Jill Randall and Alan Birch, 23 March – 6 April, 2024

Randall’s work focuses on artists residencies in industrial settings as the context for new work, often revealing the sublime and beautiful in extreme and unusual places. She has a history of working with post-industrial sites to harness toxic aftermath or ‘spoiled’ environments , revealing an alternative ‘nature’ and alternative ‘beauty’. 

The work produced during the Residency forms part of an ongoing series investigating historic mining sites in Cornwall, and the connections through the Cornish mining diaspora with Australia and Mexico.

Jill Randall set up a print workshop, creating a series of new prints based on the St Just Mining area, focussing on the rare plants which grow on contaminated ground. Jill undertook a series of walks to find, identify and record these plants in the immediate area, and images of these have been incorporated into the prints produced. 

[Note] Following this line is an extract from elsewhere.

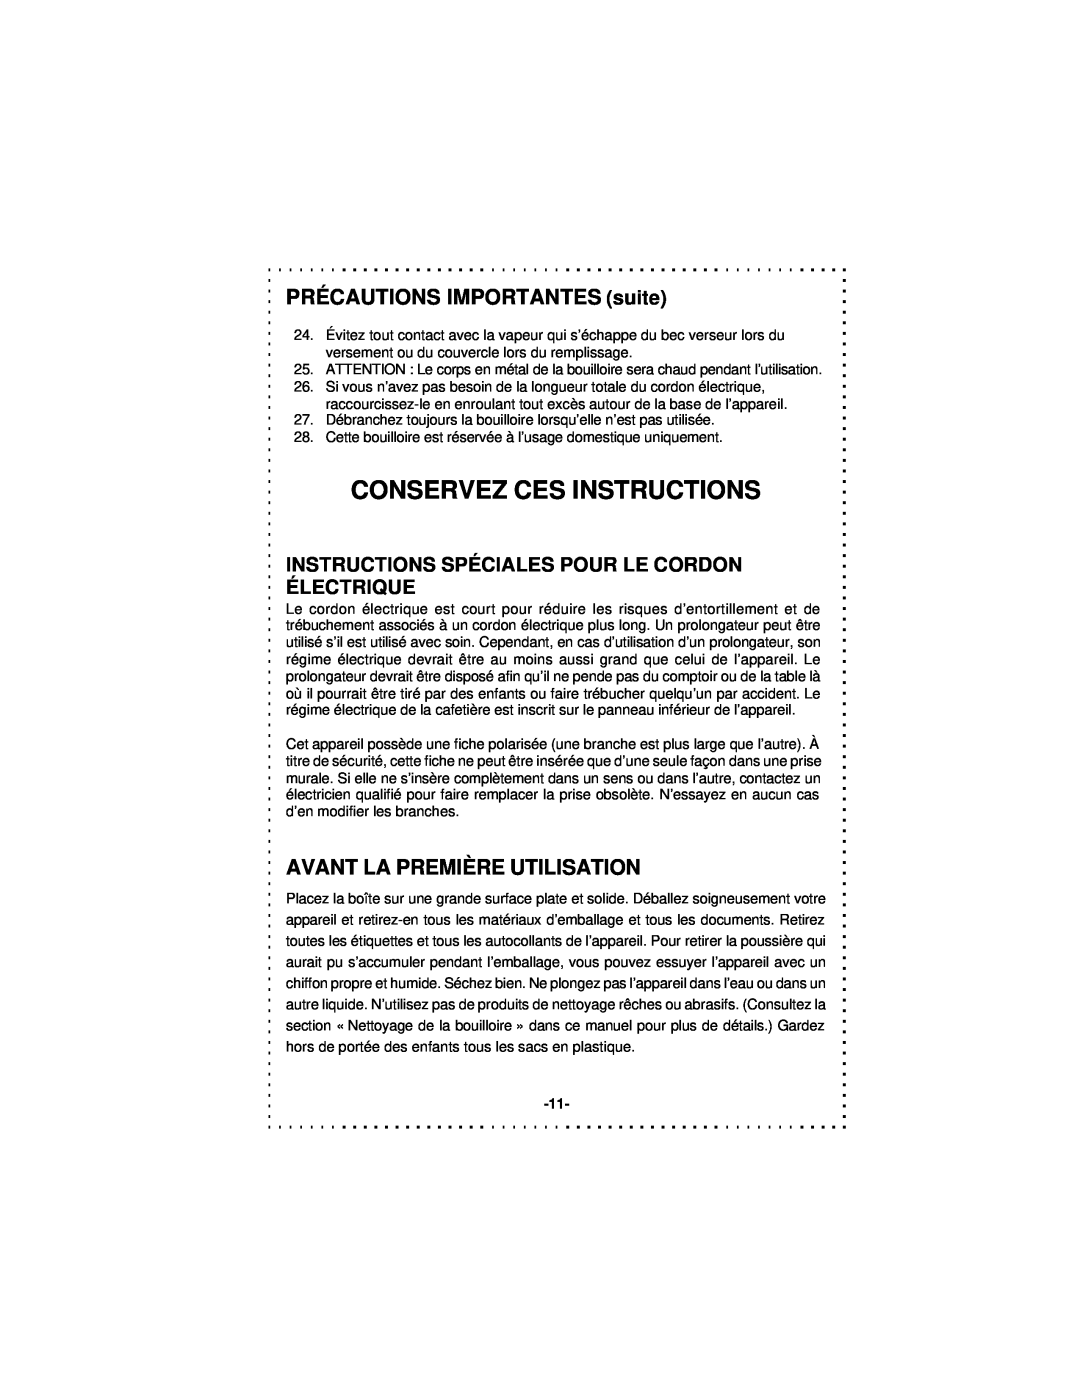 DeLonghi DSJ900 instruction manual Conservez Ces Instructions, PRÉCAUTIONS IMPORTANTES suite, Avant La Première Utilisation 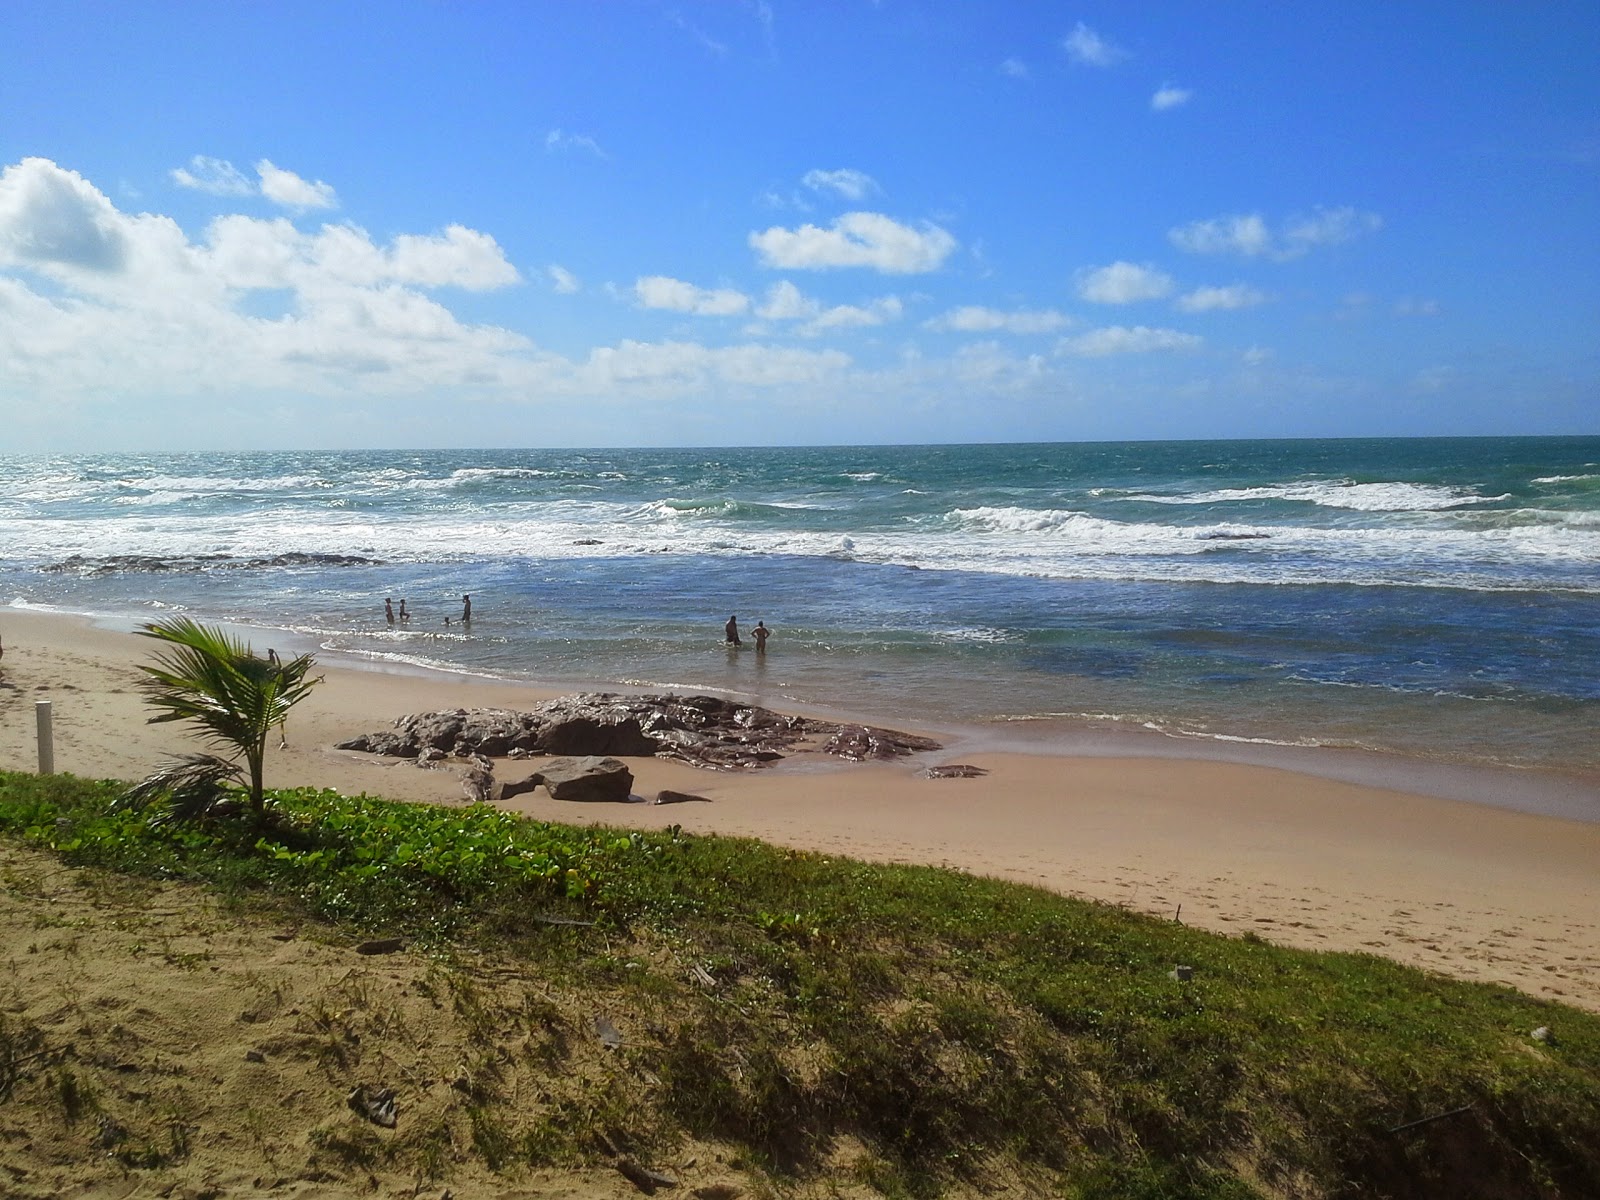 Praia da Torra'in fotoğrafı parlak kum yüzey ile

Jill is working towards a major solo exhibition, ‘As Above, So Below,’ at The Royal Cornwall Museum, Truro, Nov 24-Feb 25. A selection of the new work produced at Brisons Veor will be included in this exhibition.

 

 

Alan Birch:

I spent an intensive period walking the coast path in the immediate area and beyond, making quick sketches and taking photographs.
Upon return to the studio, these studies were expanded using a variety of media, inks, pens, Indian ink and water soluble pencils. The spontaneous and directness afforded by the media reflected the wildness of the weather at the time, stormy and wet.
Upon return to my home studio, I have developed these studies into a series of sugar lift etchings, attempting to recapture this spontaneity.